Snow Queen is a 2002 made-for-television film produced by Hallmark Entertainment and directed by David Wu based on the 1844 story The Snow Queen by Hans Christian Andersen. The film stars Bridget Fonda as the title character and Chelsea Hobbs as her rival and the story's heroine, Gerda. The film originally aired on Hallmark Channel as a two-part miniseries, but has since been released as a full-length film on DVD in the United States. The DVD was released in the United Kingdom on November 9, 2009 and in Australia on September 2, 2011. This was Bridget Fonda's last acting role before her retirement.

Plot
The film's story is roughly based on Hans Christian Andersen's story "The Snow Queen" but features a number of significant changes.

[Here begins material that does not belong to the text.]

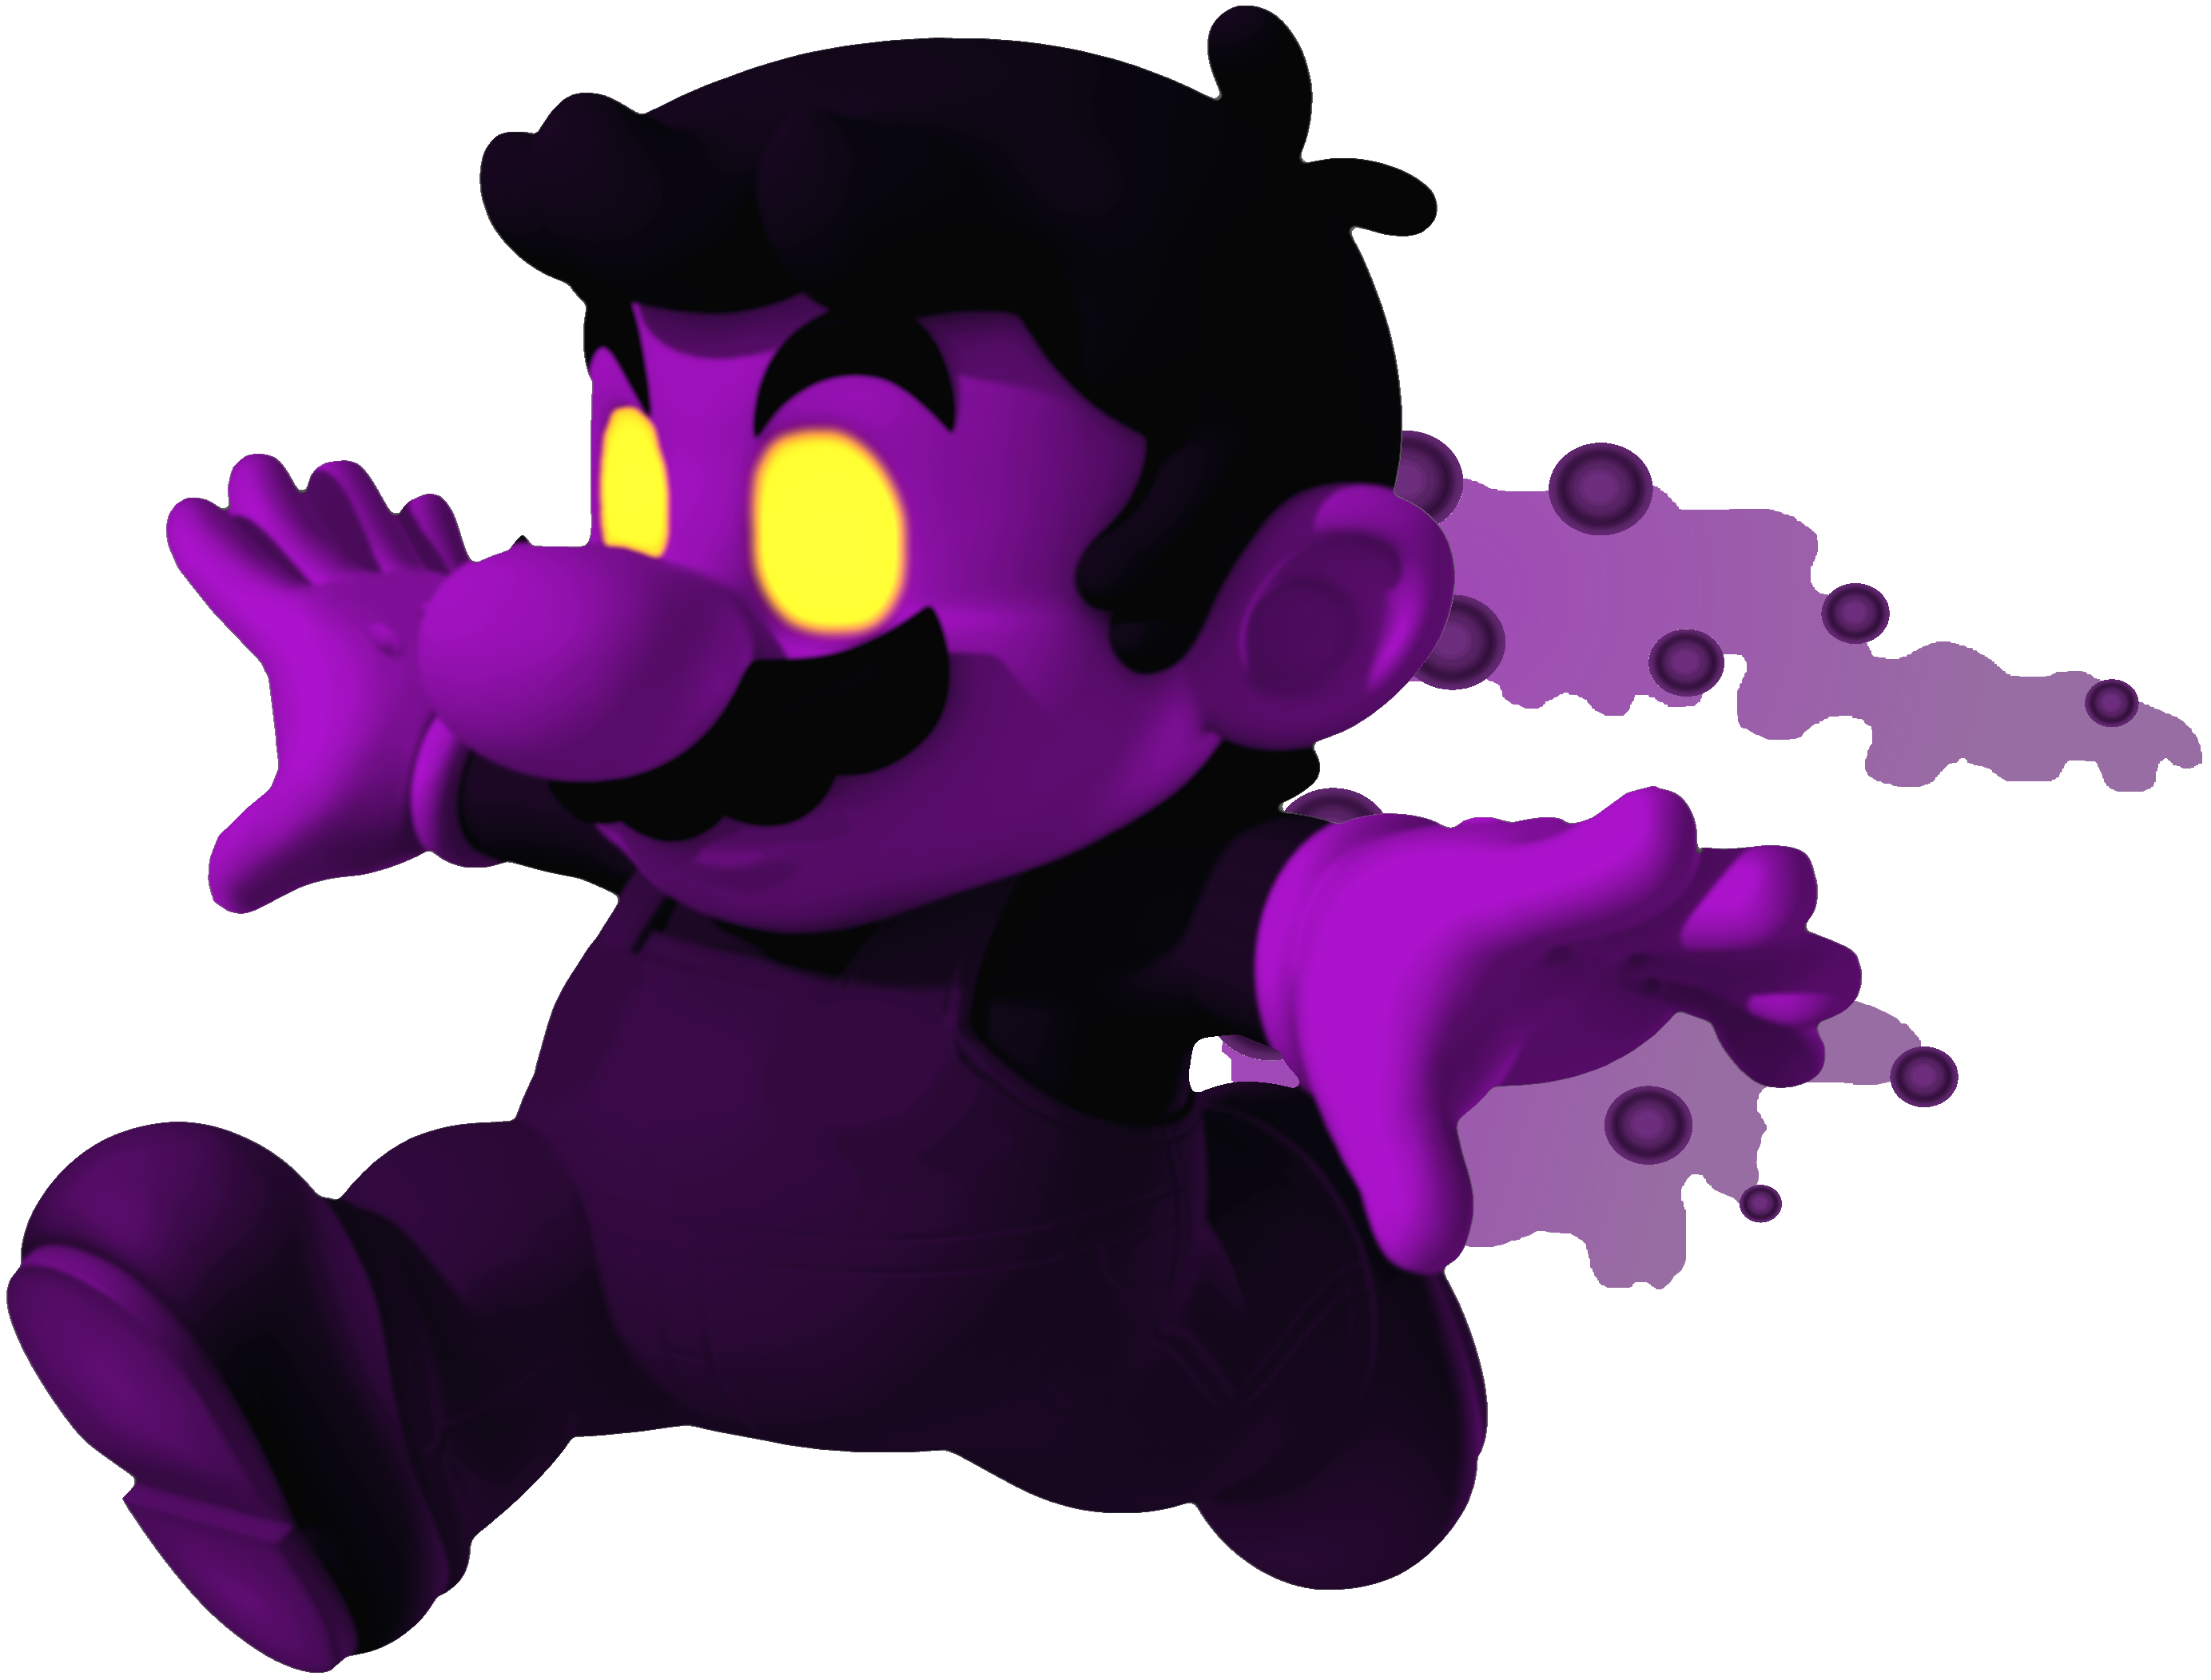 Galaxy clipart cosmic. Mario villains wiki fandom

Most prominently are that Gerda and Kai are openly romantically attached to each other, instead of simply being best friends. Another significant change is that the opening and ending portions of the film take place in a modern "realistic" setting, while Gerda and Kai's adventures are dream-like and surreal.

Gerda and Kai
Gerda, along with her father, Wolfgang, is initially in mourning over the death of her mother. The mother died nine years previously, freezing to death in the woods, and Gerda has grown to hate the winter because of this. The family has not been able to move on until Gerda meets Kai. In this version, Kai, rather than being a childhood friend, is the new bellboy at the hotel owned by Gerda's father, and he immediately sets out to befriend Gerda and help her heal, convincing her to take up her childhood hobby of ice skating once more. Over the course of their friendship, the two soon fall in love. It is because Kai has helped Gerda find new purpose in life that she sets out to rescue him when he is kidnapped by the Snow Queen. The Snow Queen refers to Gerda and Kai's relationship as "true love."

The Snow Queen
The Snow Queen in this version is intentionally malicious towards Gerda and desires to keep Kai for herself. Throughout the movie it is slowly revealed that the Snow Queen has been hoarding power for some time, intending to destroy all the other seasons and ruling the earth alone. She intended to achieve this goal using the Devil's mirror, a beautiful full-length mirror that was shattered into thousands of pieces above the earth. The Snow Queen initially kidnaps Kai because the final piece of the mirror fell into his eye, but she takes him to her palace and charges him to fix the mirror the way it was. Additionally, during the opening scenes, split-second flashes of the Snow Queen during the sequence where Gerda's mother is alone in the forest imply that she was the direct cause of Gerda's mother's death, possibly because she was a magically inclined rival of the Snow Queen, and indeed, Gerda's mother's brooch, which Gerda carries throughout her journey, has the magic and warmth needed to defeat the Snow Queen. There is also a minor sub-plot involving a fierce talking polar bear who is the Snow Queen's henchman, and stays by her side because he is in love with her. After her defeat he carries her away into her castle, and is seen taking the form of an elegantly dressed man (credited as the 'Polar Bear Prince.')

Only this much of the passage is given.